If you consider first time dilation due to relative velocity in flat spacetime, then relative velocity always makes the moving clock run slower. If you're interested, I explain why this in the first part of my answer to Is gravitational time dilation different from other forms of time dilation?. So in flat spacetime in $A$'s rest frame there is no way for $B$ to move that will make $B$'s clock run faster.
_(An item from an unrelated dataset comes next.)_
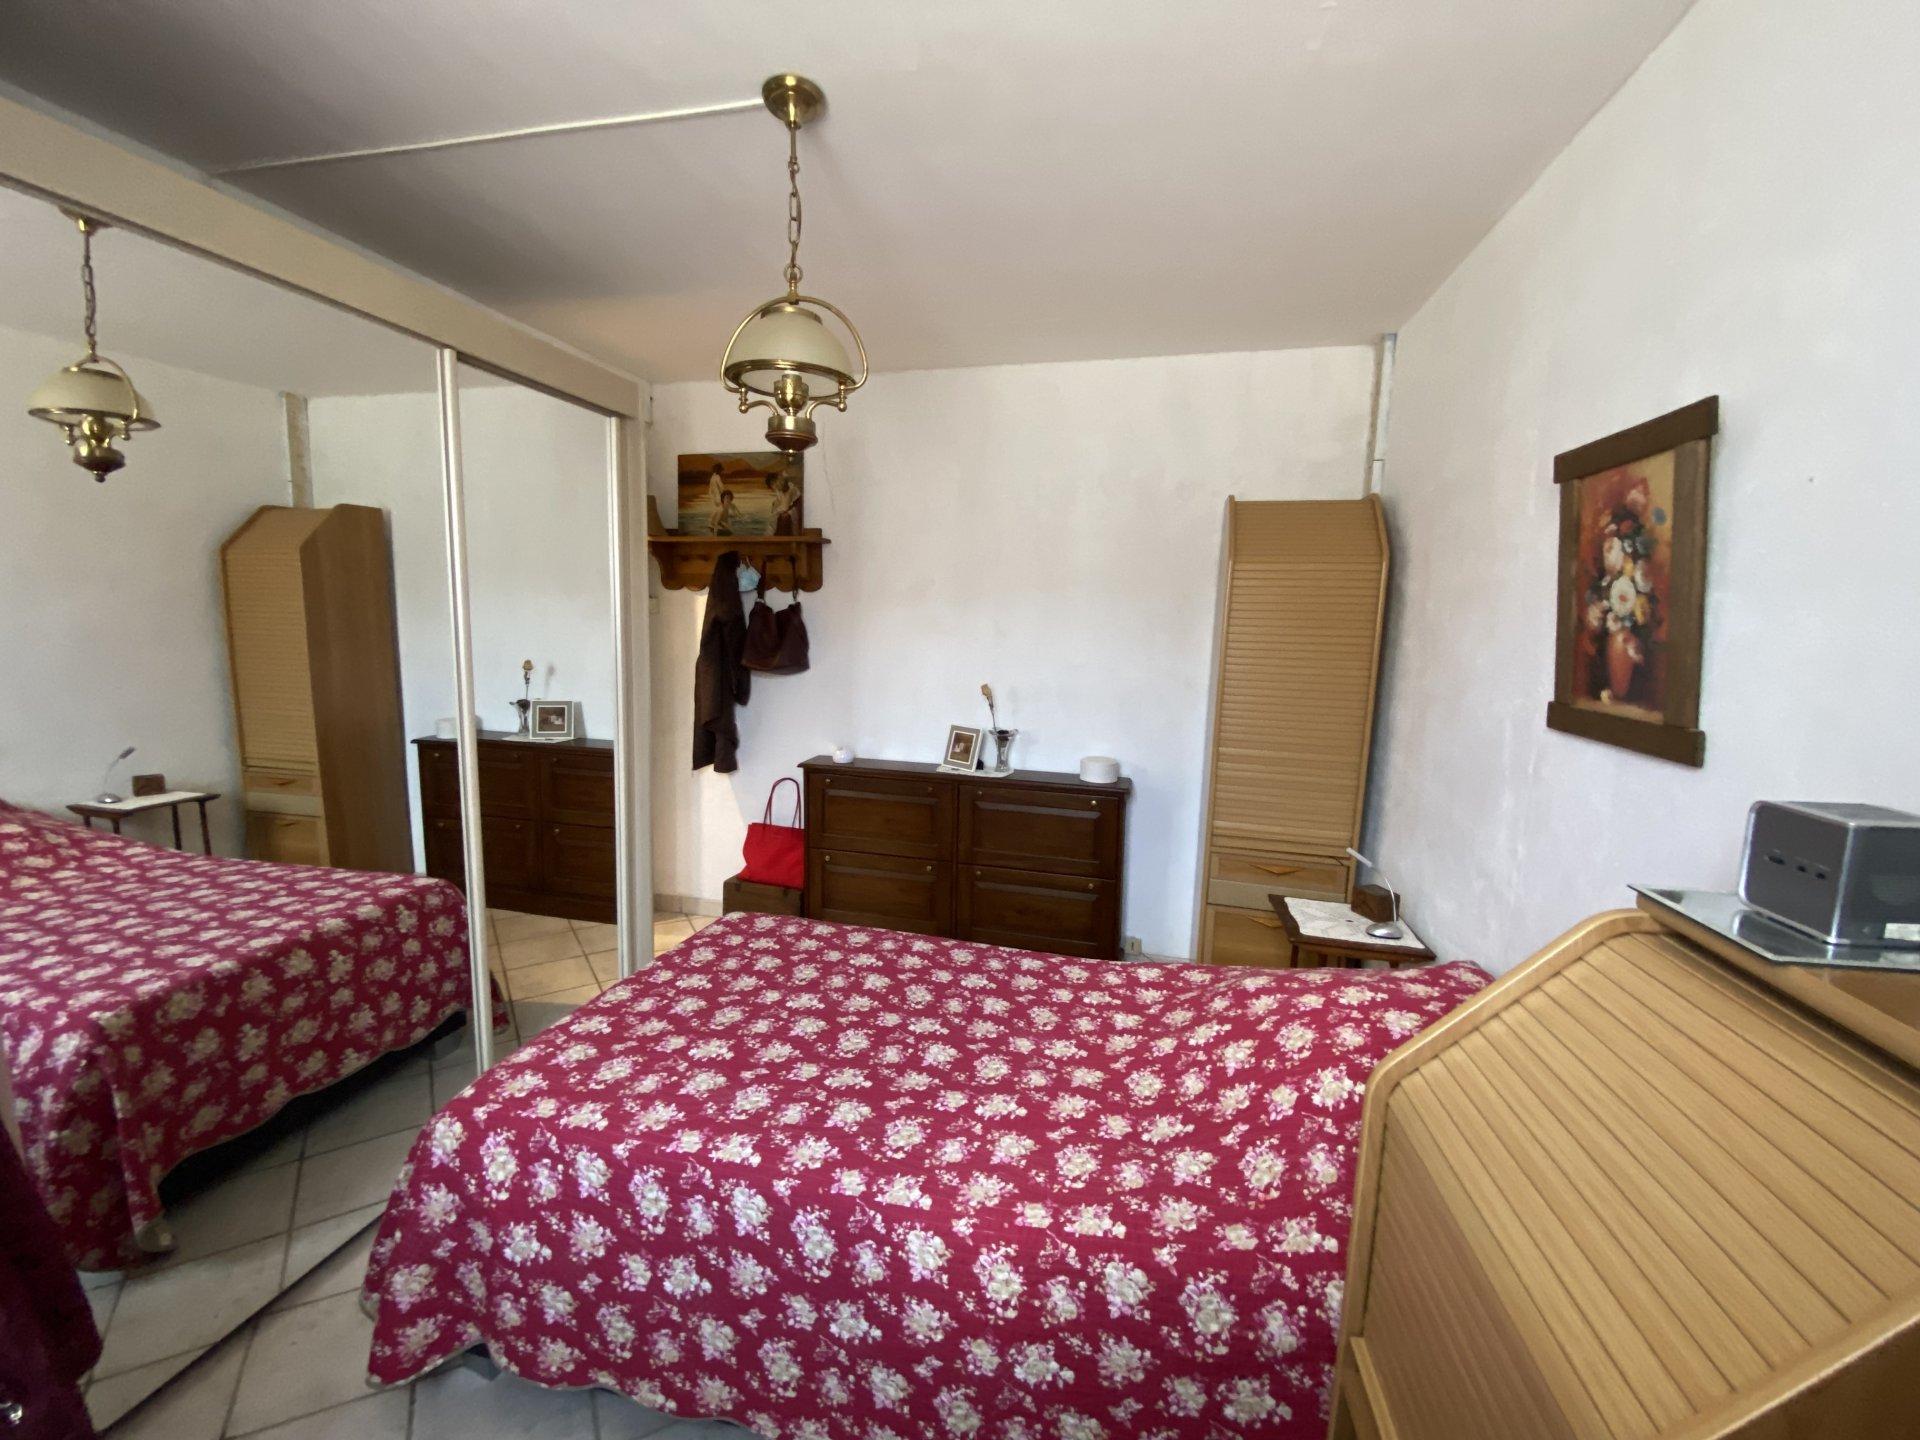 Située dans un village avec écoles, 3 chambres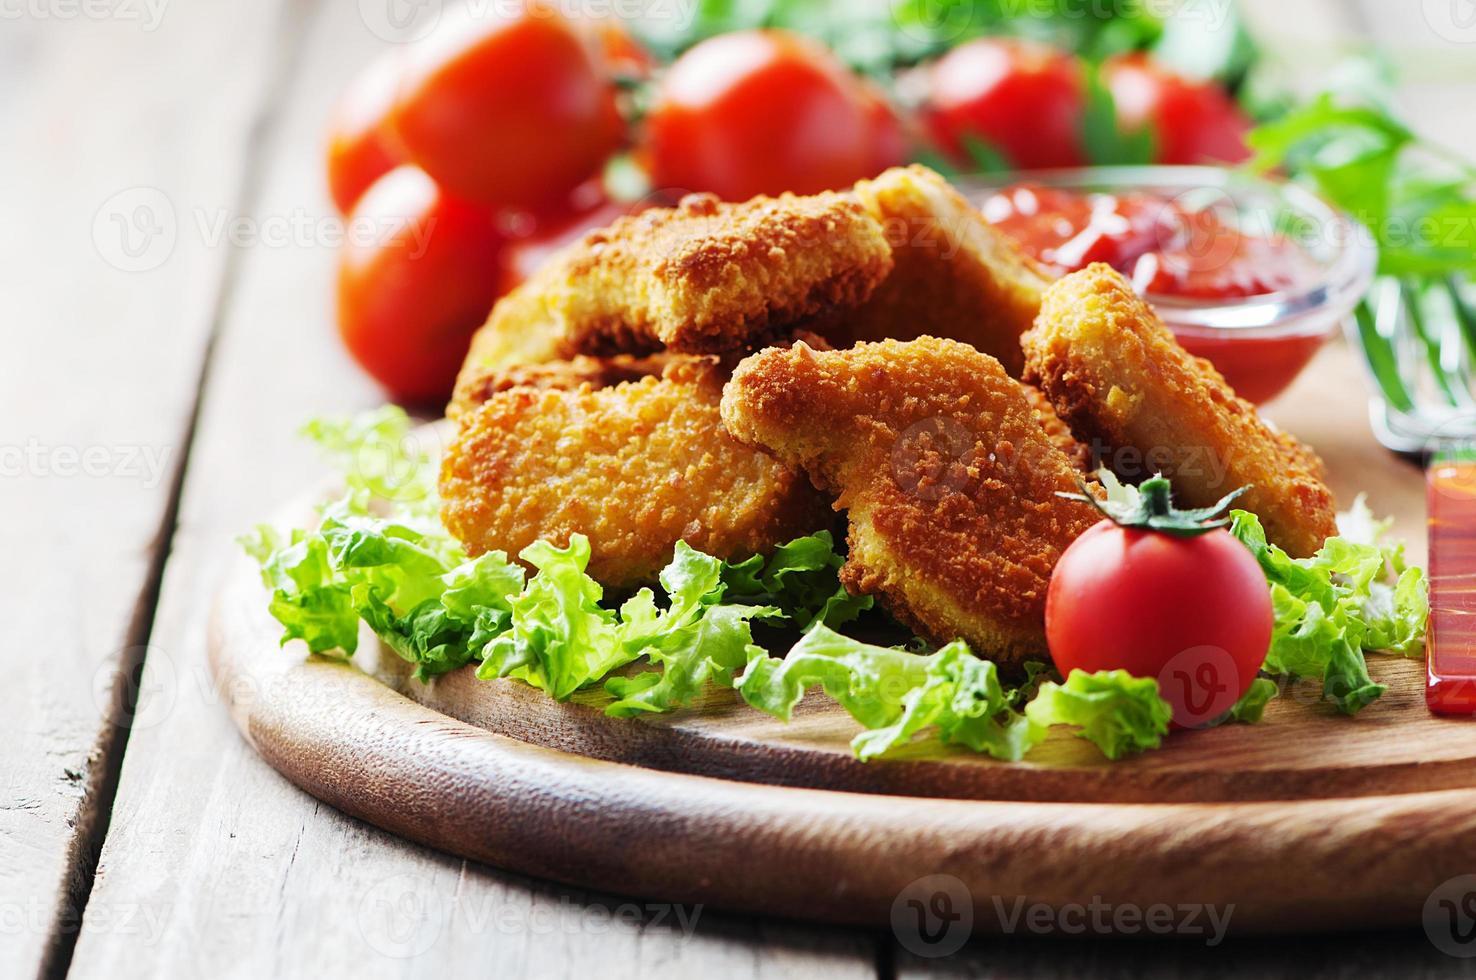 nuggets de frango em cima da mesa de madeira foto

But the situation is different when the time dilation is due to a gravitational field. To calculate the time dilation exactly you need to know the metric, but there is a useful approximation that links the time dilation to the gravitational potential (per unit mass):
$$ \frac{dt_B}{dt_A} = \sqrt{1 - \frac{2(\Phi_A - \Phi_B)}{c^2}} \tag{1} $$
The quantity $\Phi_A - \Phi_B$ is the difference in gravitational potential energy between $A$ and $B$, and $dt_B/dt_A$ is the time dilation of $B$'s clock relative to $A$'s clock i.e. if this is less than one $B$'s clock runs slower and if it's greater than one $B$'s clock runs faster.
To make this concrete let's take $B$ to be hovering 1m above $A$. You may have come across the expression for the change in potential energy in a uniform gravitational field with acceleration $g$:
$$ \Delta\Phi = mgh $$
In this case $\Phi_B < \Phi_A$, i.e. it is less negative, and we need to divide by $m$ to get the energy per unit mass, so putting in $h = 1$m we get:
$$ \Phi_A - \Phi_B = -g $$
and substituting in equation (1) and using Earth's gravitational acceleration, $g = 9.8$m/s$^2$, gives:
$$\begin{align}
\frac{dt_B}{dt_A} &= \sqrt{1 + \frac{2g}{c^2}} \\
&\approx 1.0000000000000001
\end{align}$$
This is very small but it is greater than one i.e. $B$'s clock runs faster than $A$'s clock.
However we can't make $B$'s clock run arbitrarily fast. The best we can do is take $B$ to well away from the Earth so $\Phi_B \approx 0$. If $A$ is on the Earth's then $\Phi_A$ is given by the Newtonian expression:
$$ \Phi_A = -\frac{GM_E}{r_E} $$
where $M_E$ is the mass of the Earth and $r_E$ is the radius of the Earth. This gives $\Phi_A \approx 6.25 \times 10^7$, and putting this into equation (1) we get:
$$ \frac{dt_B}{dt_A} \approx 1.000000001 $$
which is still pretty small, but it's large enough that the clocks in GPS satellites run measurably faster than clocks on the Earth's surface.
To make the time difference any greater you'd have to move $A$'s clock to somewhere with a lower (i.e. more negative) gravitational potential. For example you could move $A$ to near the event horizon of a black hole.